Well, more seriously, now, this IS a test of your character and spirit. Never mind your boss: it's not reasonable to expect you are going to change him (or anyone else, for that matter). We cannot necessarily change how others behave but we are responsible for our responses to their behavior.

So, what's best? As you say, being "nice" just means you end up being a doormat and enabling his rude behavior. Fighting him just invites more abuse and possibly loss of your job.

So, the obvious answer is to be even-minded and non-reactive at all times. Your question goes beyond what a mere email can handle comprehensively, so I will have to work at opposite ends of the spectrum as well as in the middle.

Don't "accept" improper or demeaning treatment. What does this mean? As I do not know you or him or the circumstances of your interactions, it is difficult to be specific. There are cultural boundaries; gender boundaries; workplace boundaries; age difference boundaries; authority boundaries. To "accept" another's abuse is to accept that person's definition of the situation: if he's angry, then you get angry in response. Not to "accept," means that if he's angry, you are not. You simply don't see it that way. To accept abuse is to take it personally and accept it AS abuse. To not accept abuse is to not let it get inside you. Whether this means you defend yourself verbally, physically, or by leaving the job, or simply by remaining unruffled depends on you and the circumstances.

But always there is a boundary line you must find where ill-treatment is unacceptable and must be confronted.

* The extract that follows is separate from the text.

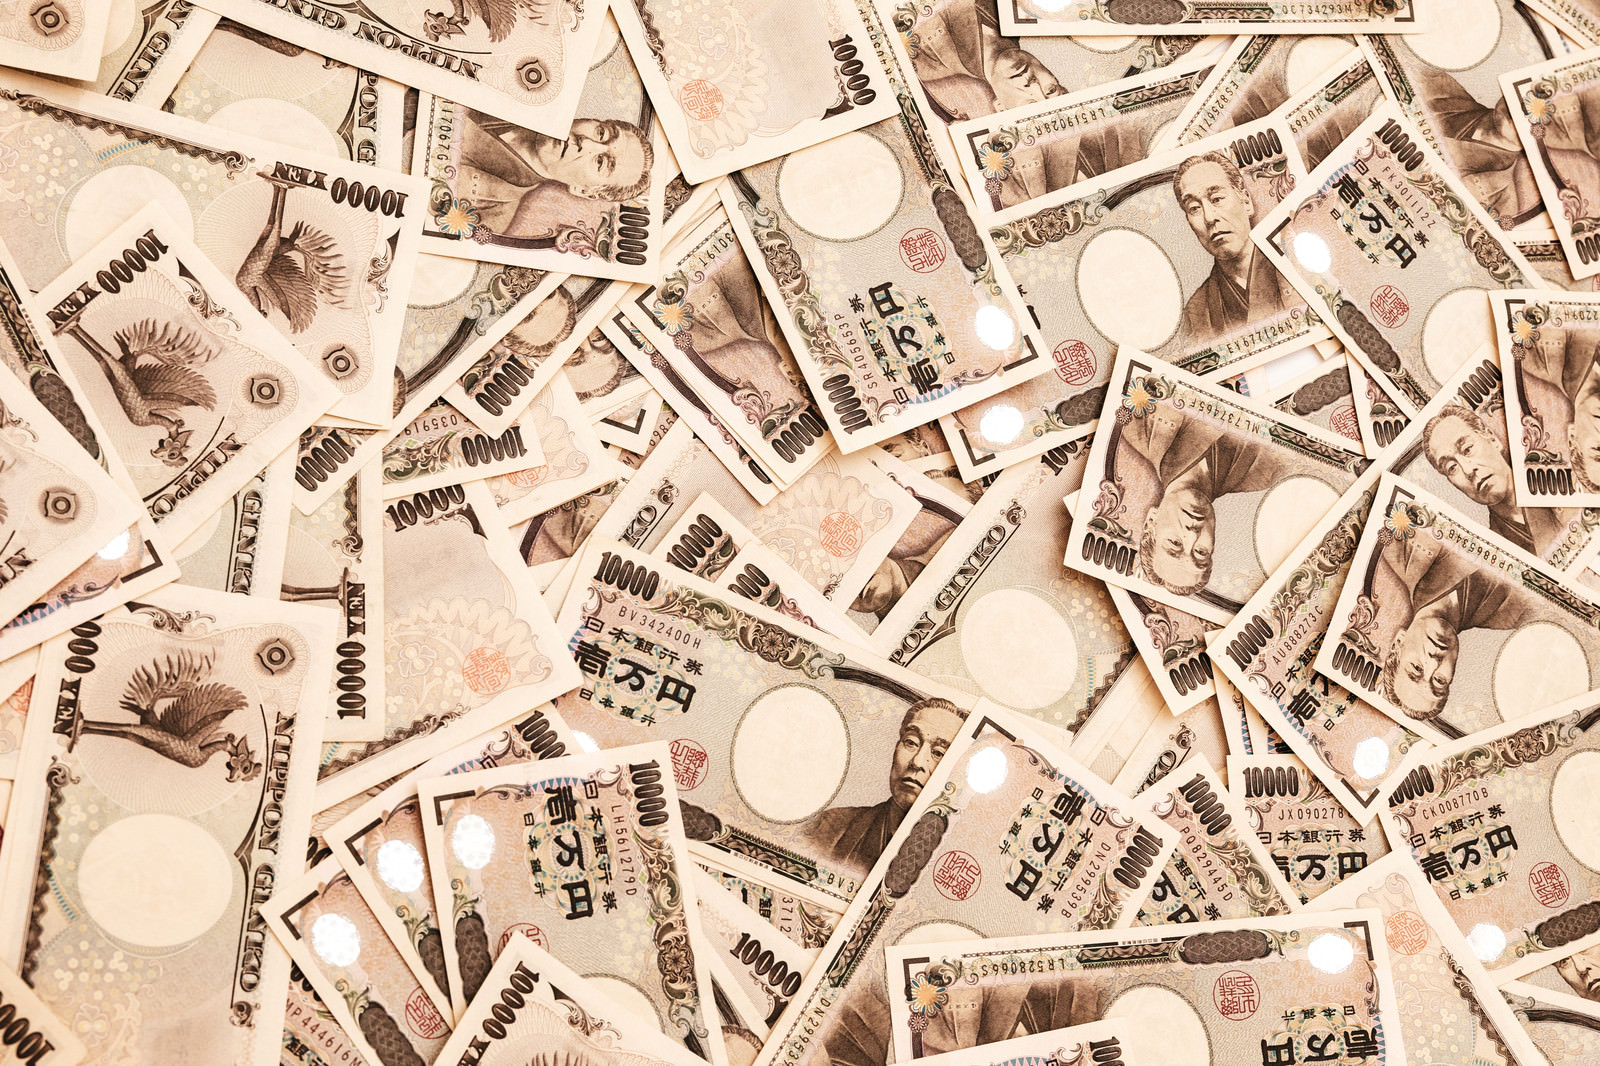 「床一面に散らばった壱万円札」の写真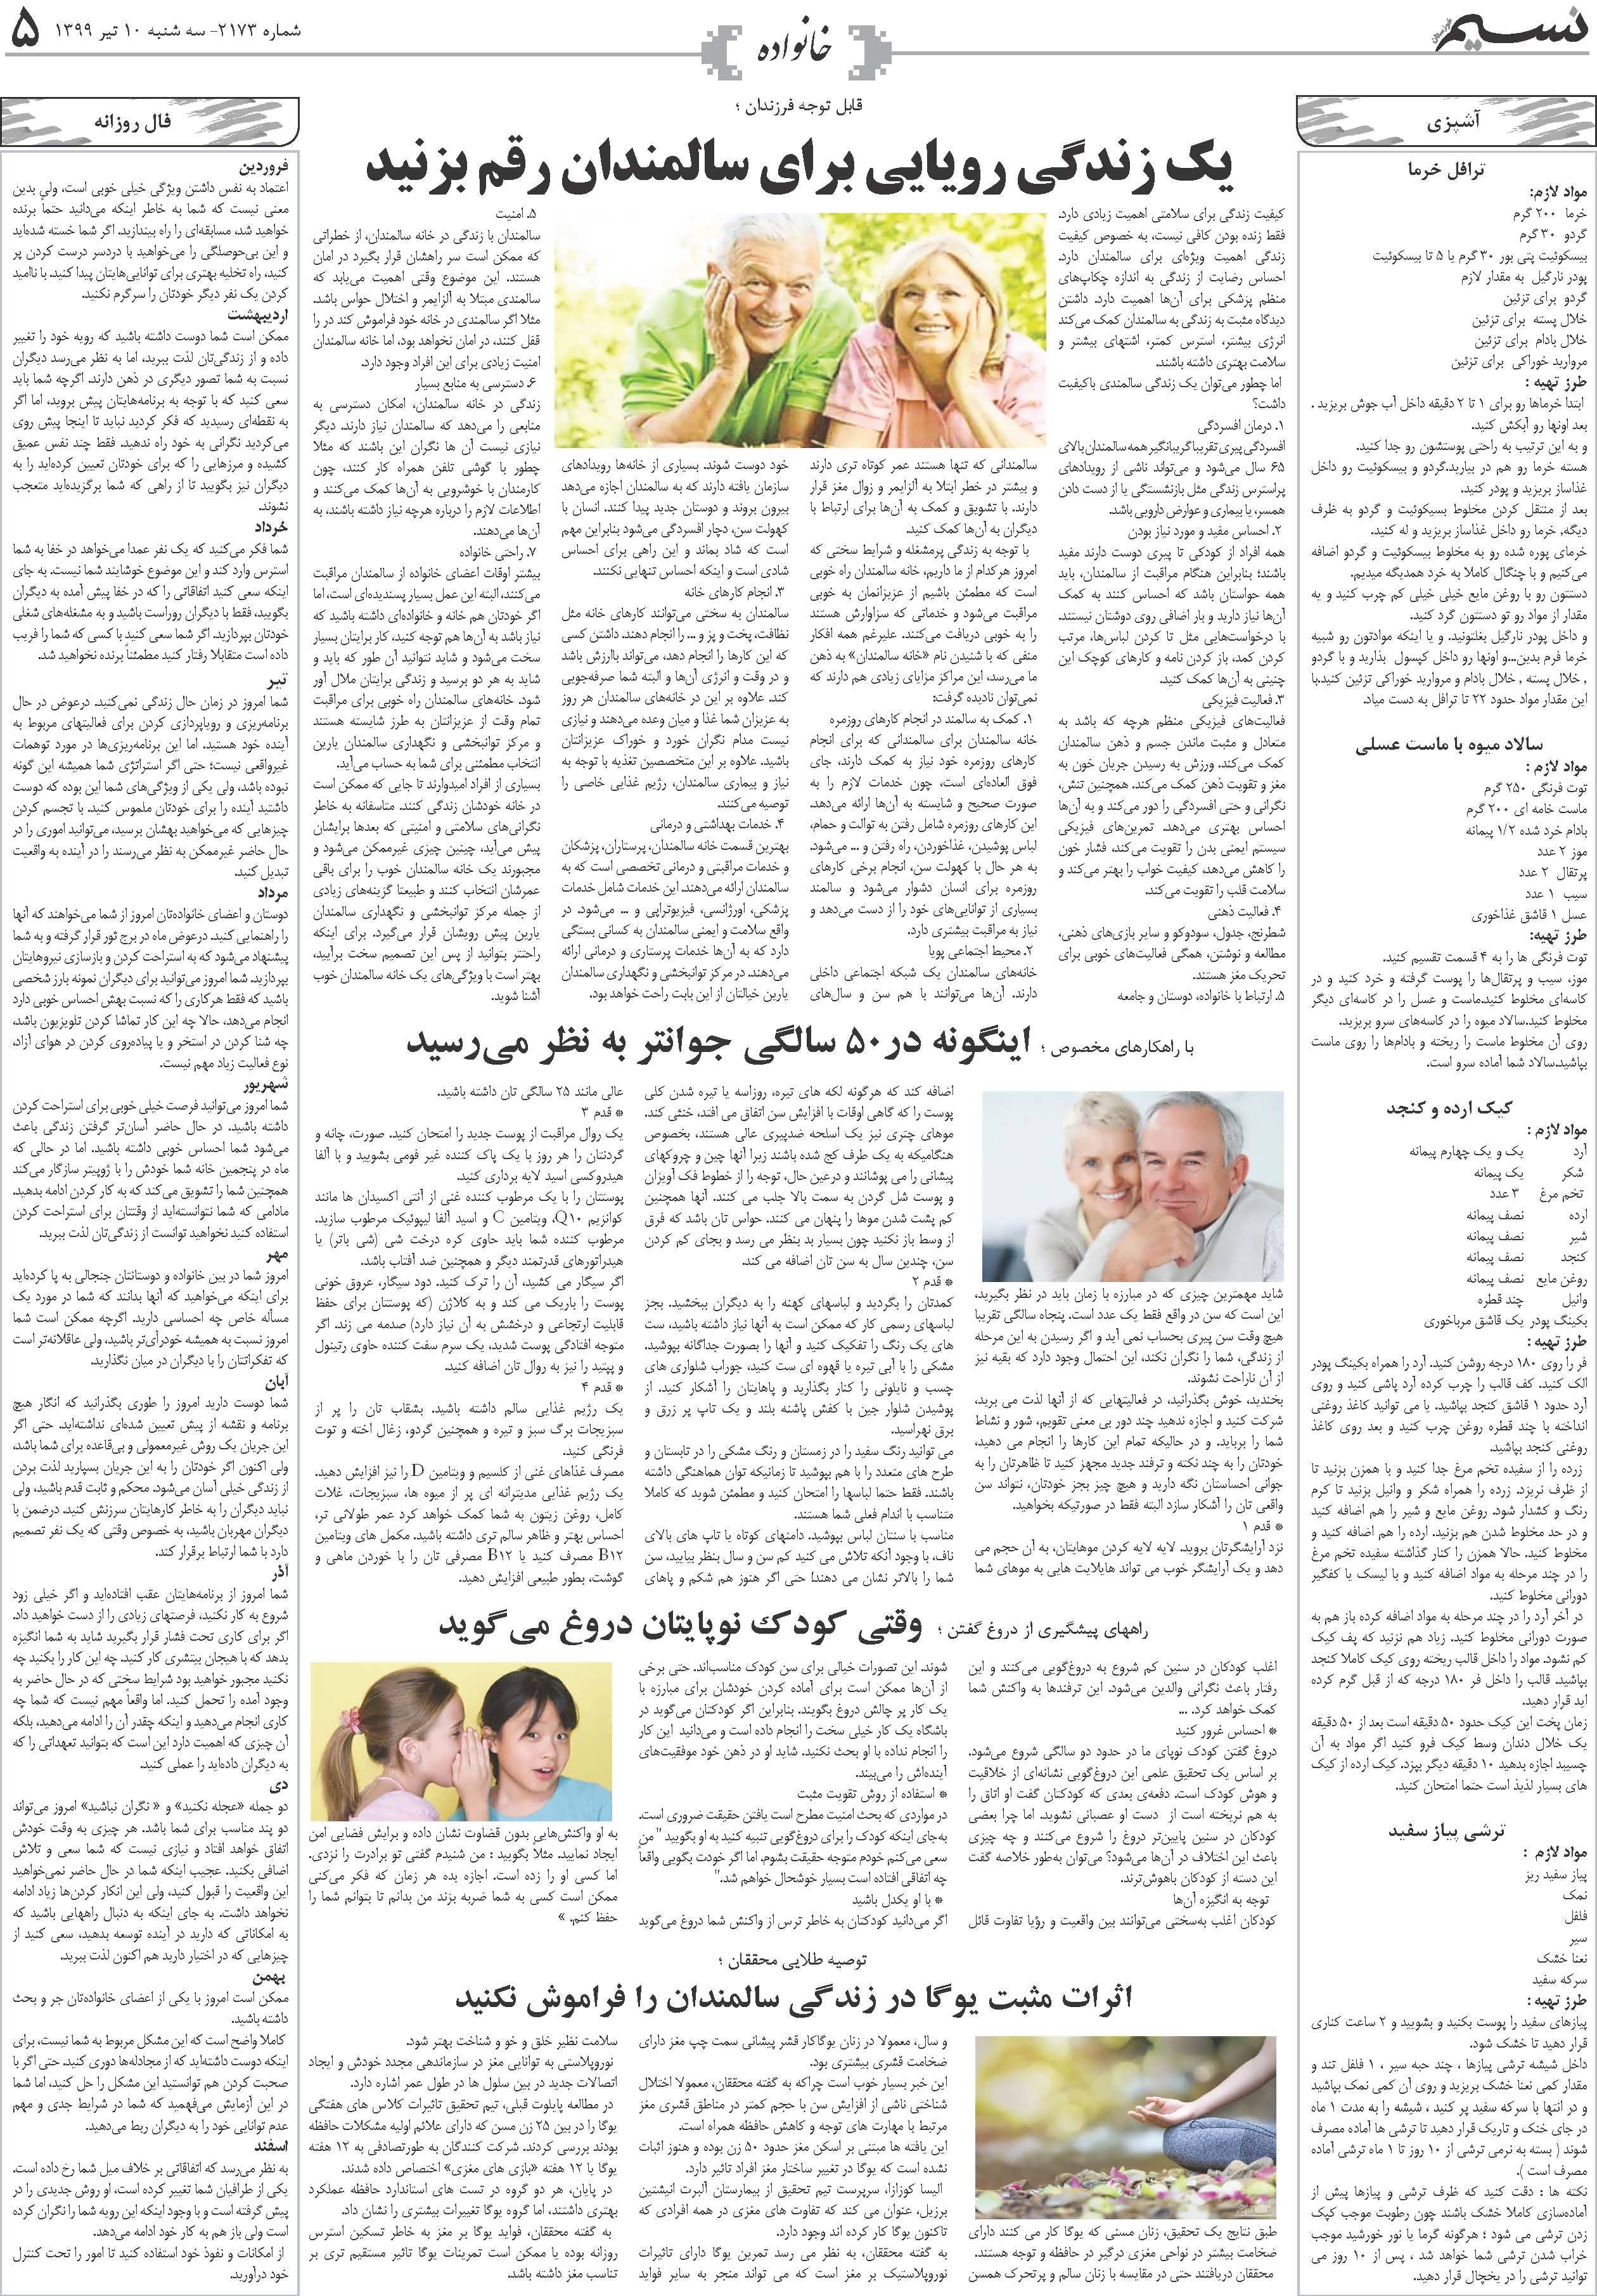 صفحه خانواده روزنامه نسیم شماره 2173

One obvious line is physical abuse, being hit or struck. That is unacceptable. But a boss who "flies off the handle" with a verbal tirade may direct that to the project or people at large or to real mistakes that were made, or, address the abuse personally at you and your character. The response may be very different in each case.

The boss' behavior and language may be crude and offensive but not necessarily directed toward you. In this latter case, it may be easier to simply ignore his crudities so long as they aren't directed to you, or your cherished beliefs, loved ones, etc.

So, you see, there is a wide variety of situations. But, for now, and so long as you are there on the job, start by remaining neutral and poised. Once you get angry, hurt, or upset you will most likely make things worse, whether you express those feelings in the moment in reaction to your boss or at home to yourself in private.

This is because the energy and consciousness of anger is infectious. By not responding angrily to anger, you create a space that invites the other person's anger to dissipate on its own (and therefore more quickly). Whether it can have any lasting effect or only will, in time, change that person's tendency to express anger towards you is impossible to say in advance. But either way, remaining non-reactive is best.

Remaining calm also reflects back to the other person his own anger and for this reason too invites the other person to see his behavior in the mirror of your eyes.

But you, too, have obviously invited this behavior in some way. Whatever karma may be bringing this treatment to you can best be worked out by remaining even-minded and yes, even cheerful (so long as that doesn't invite more improper behavior from the boss).

I have found that daily prayer for the person and the circumstances brings to me patience and acceptance; in time, with grace, it even change or soften the other person.

In the right moment, a respectful, gentle response that expresses your disapproval, lack of consent, or sorrow for his own behavior (whichever is appropriate) can actually help him provided you are not attacking him back but speaking calmly your own peace with the intention to make the situation for both of you (and even your work) a better one.

Having a meditation and prayer practice, and the grace of a true guru can bring strength, courage, wisdom, and compassion to you in abundance as well.